The Mott Haven protest also surfaced in the DOI’s December report, which noted that investigators had interviewed Monahan and described his involvement in the incident in which legal observers were taken into custody.

The DOI quoted Monahan as blaming the NYPD’s Legal Bureau, insisting that they had okayed the arrest of the attorney observers but that “when he learned of the arrests of legal observers, he ordered their release.”

Those same allegations regarding the Mott Haven arrests are outlined in the NYCLU’s lawsuit, and they echo Monahan’s involvement in the RNC protest arrests nearly 17 years ago.

The CCRB did a lengthy investigation and determined that Monahan was in charge when cops trapped a group of protesters — and ordered them to disperse without providing them a way out.

In a 2006 letter to then-Police Commissioner Ray Kelly, the CCRB warned the department to make sure lawful protesters are given a chance to respond to police orders before cops sweep in to make mass arrests.

Two Monitors Better Than One?

James’ suit notes that Monahan was responsible for keeping both the mayor and Shea informed on police response to last year’s protests — and that Monahan had acknowledged that “a lot of” cops weren’t properly trained to handle them.

The AG requested the appointment of a monitor to oversee NYPD’s handling of future demonstrations.

The NYPD is already subject to oversight by a monitor, attorney Peter Zimroth, appointed following the 2013 federal court order finding the NYPD had for years violated the civil rights of tens of thousands of Black and Hispanic people through the unconstitutional use of stop-and-frisk.
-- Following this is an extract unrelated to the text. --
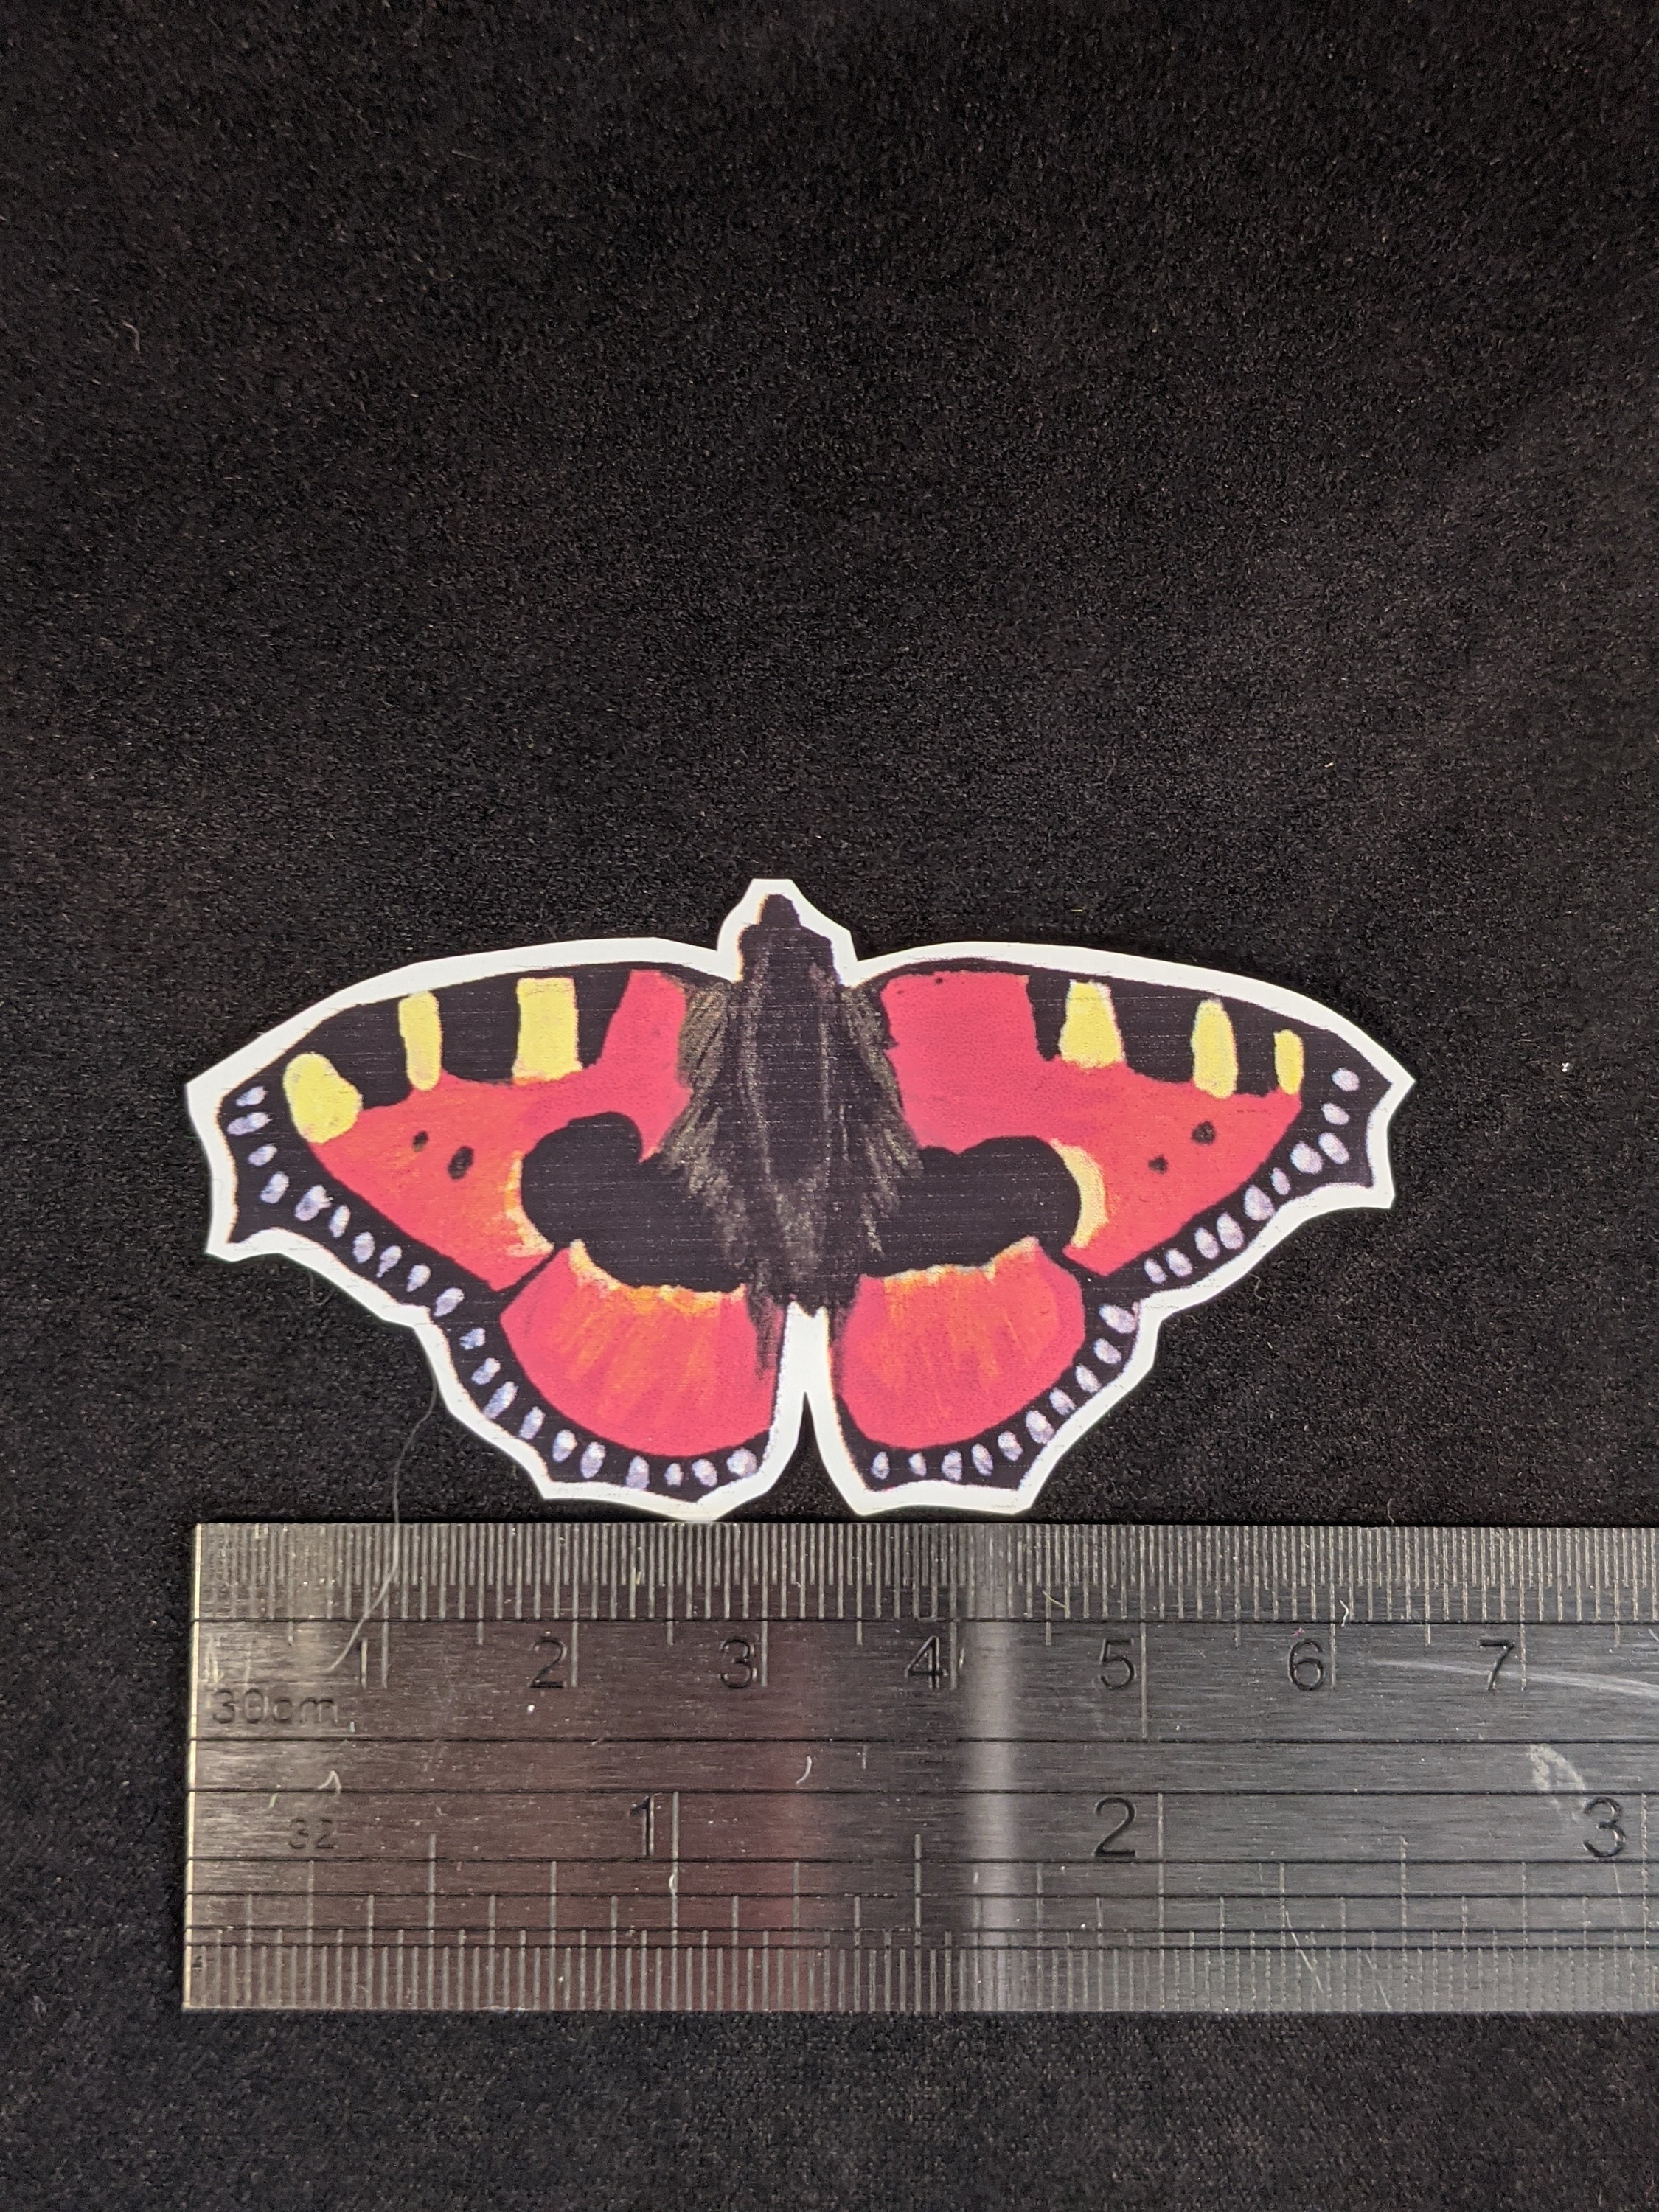 Black Vine Butterfly Vinyl Sticker, Butterfly Stickers, Best Friend Gift,  Laptop Sticker, Butterfly Decals

The attorney general also asked the judge to issue an order finding that “the policies and practices that the NYPD used during these protests were unlawful.”

An NYPD spokesperson on Thursday declined to discuss specific allegations in James’ suit, but issued a prepared statement insisting that the department “welcomes reform and has embraced the recent suggestions by both the city’s Department of Investigation and the city’s Law Department.”

“As the mayor has said, adding another layer does not speed up the process of continued reform, which we have embraced and led the way on,” the statement added.